关键词: Intestinal inflammation; L. reuteri SXDT-32; PI3K-Akt pathway; Shikimic acid

期刊名称:JOURNAL OF ANIMAL SCIENCE AND BIOTECHNOLOGY ( 影响因子:6.5; 五年影响因子:7.2 )

ISSN: 1674-9782

年卷期: 2025 年 16 卷 1 期

页码:

收录情况: SCI

摘要: Background Colitis caused by bacterial infection is a major global health challenge. Unfortunately, current treatment options are limited. We previously disclosed that L. reuteri SXDT-32 was enriched in the feces of an ancient diarrhea-resistant pig breed (Mashen pig) in China over 2500 years old. As diarrhea is often closely associated with intestinal inflammation, L. reuteri SXDT-32 was identified as a potential beneficial bacterium to prevent intestinal inflammation. However, the precise mechanisms involved remained unclear. Results Our tests showed that L. reuteri SXDT-32 alleviated colonic damage induced by pathogenic E. coli SKLAN202302 in weaned pigs by enhancing barrier integrity and inhibiting inflammation. The transcriptomics revealed that L. reuteri SXDT-32 protected against inflammatory injury by inhibiting the PI3K-AKT signaling pathway.

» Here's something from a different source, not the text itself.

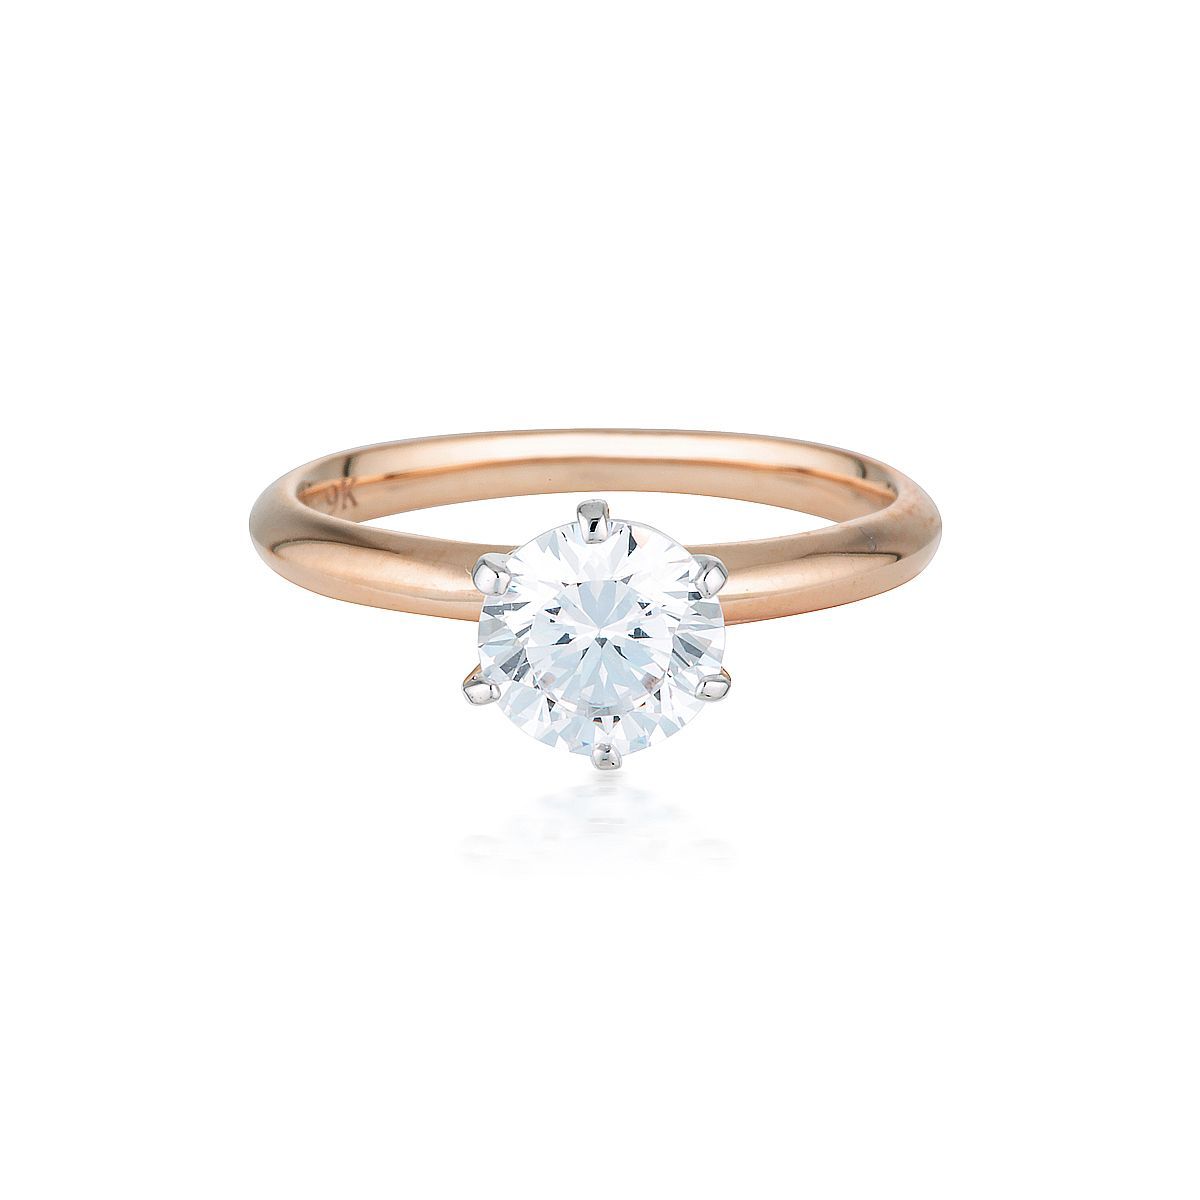 Georgini - Round Brilliant Cut 1.25Ct Cubic Zirconia Solitaire With Knife Edge Band In 9Ct Rose Gold

Metabolite analysis indicated that the content of shikimic acid (SA) was substantially elevated in the colonic mucosa of L. reuteri SXDT-32-fed piglets (P < 0.05). In addition, Liquid Chromatography-Mass Spectrometer (LC-MS) analysis showed significant increases in SA content in both the colonic chyme of L. reuteri SXDT-32-fed piglets and the supernatant of in vitro grown cultures of L. reuteri SXDT-32 (P < 0.05). Polymerase chain reaction (PCR) analysis identified gene aroE from L. reuteri SXDT-32, which is a key gene directly linked to SA synthesis, and elevated shikimate dehydrogenase (SD, encoded by aroE) was also detected in both L. reuteri SXDT-32 and the colonic mucosa of piglets fed L. reuteri SXDT-32 (P < 0.01). In vitro Caco-2 cell experiments demonstrated that SA, L. reuteri SXDT-32, and the supernatant from in vitro grown cultures of L. reuteri SXDT-32 exhibited comparable inhibitory effects on the PI3K-Akt pathway to those of the PI3K inhibitor LY294002. Conclusions L. reuteri SXDT-32 alleviated intestinal inflammation in piglets by producing SA that inhibits the PI3K-Akt pathway. This study provides an innovative approach for the treatment and prevention of colitis caused by bacterial infection.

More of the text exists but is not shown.